A mensagem, publicada na quinta-feira e ontem divulgada pela AFP, não refere a data do ataque, nem fala no número de eventuais vítimas.
A sua importância, resulta do facto de ser a primeira vez que o Estado Islâmico reconhece a presença no interior da RDC, o que já colocou em estado de alerta as autoridades congolesas que, contudo, se recusam a comentar o reivindicado ataque.
A segunda mensagem do grupo acrescenta mais alguns dados em relação ao primeiro ataque, pormenorizando que o alvo foi um quartel das Forças Armadas Congolesas de onde dizem ter levado “valioso material de guerra”.
Um padre católico local confirmou o ataque e um porta-voz dos Capacetes Azuis na região fala na morte de três soldados e ferimento de cinco.
A região atacada pelo Estado Islâmico foi cenário, em 2014, de sangrentos confrontos entre as Forças Armadas congolesas e membros da Aliança das Forças Democráticas, grupo rebelde ugandês, dos quais resultaram a morte de centenas de pessoas.
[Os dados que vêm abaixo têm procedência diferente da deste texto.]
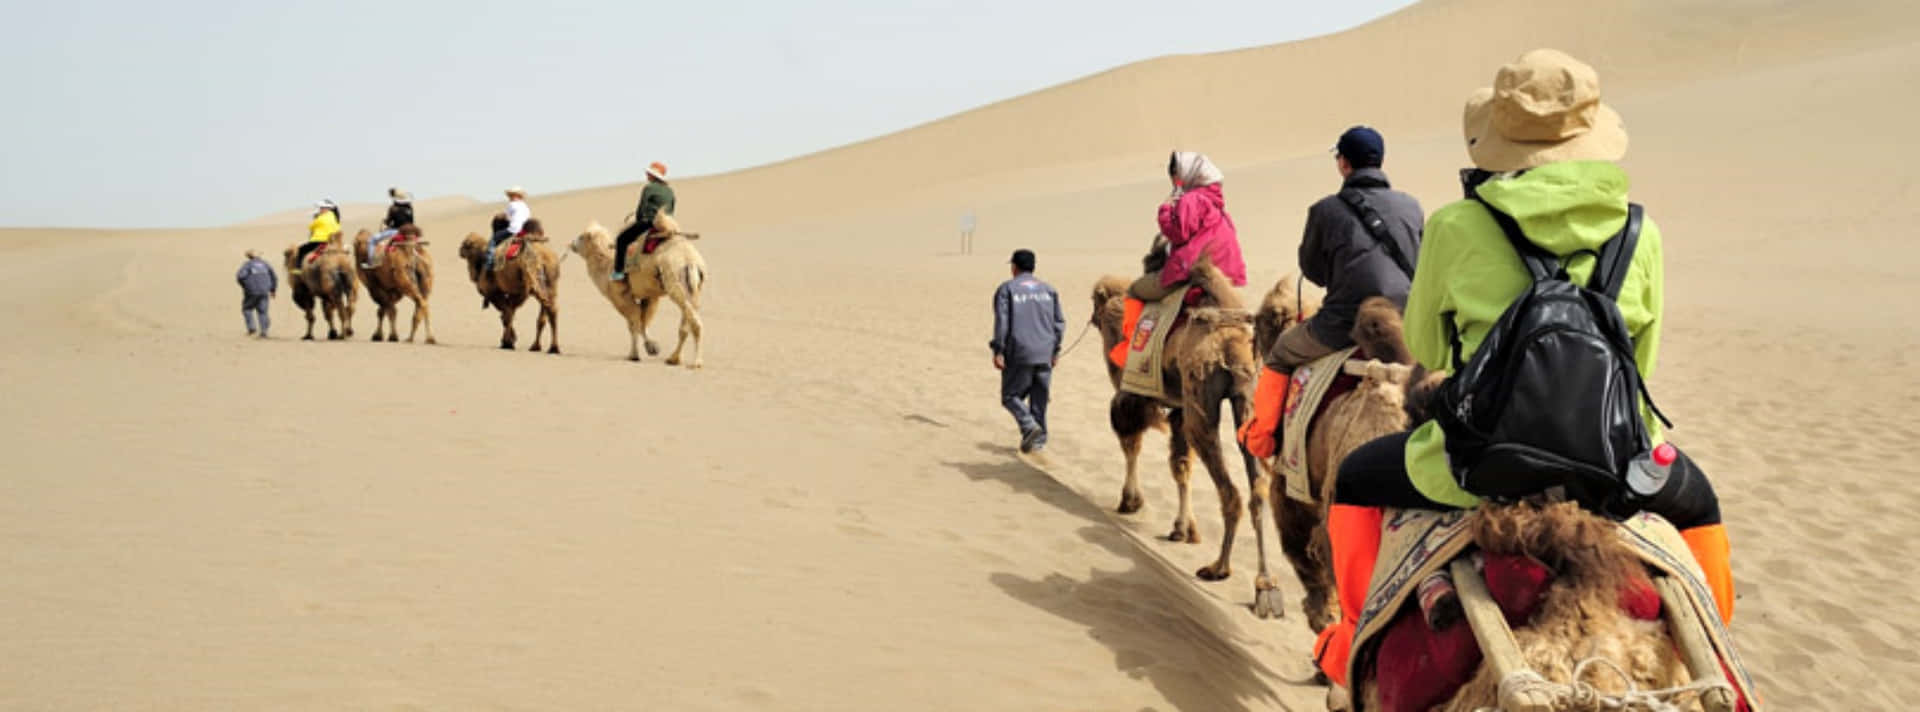 Einegruppe Von Menschen, Die Auf Kamelen Durch Die Wüste Reiten.

As autoridades não comentaram este eventual ataque, mas a AFP diz saber que está a ser equacionada a possibilidade de se estar a criar um “triângulo de morte” entre o Estado Islâmico(EI), a Aliança das Forças Democráticas e o Exército congolês.
A “Jeune Afrique” ouviu o vice-primeiro-ministro, responsável pela pasta do Interior e da Segurança, Basile Olongo, que garantiu que o Governo não se vai deixar confundir nem entreter a tentar perceber se existe uma suposta guerra entre o Estado e uma religião.
“Vamos tomar as medidas necessárias para aniquilar todos aqueles que atentem contra a segurança do Estado, sejam forças rebeldes ou grupos terroristas”, disse Basile Olongo à “Jeune Afrique”.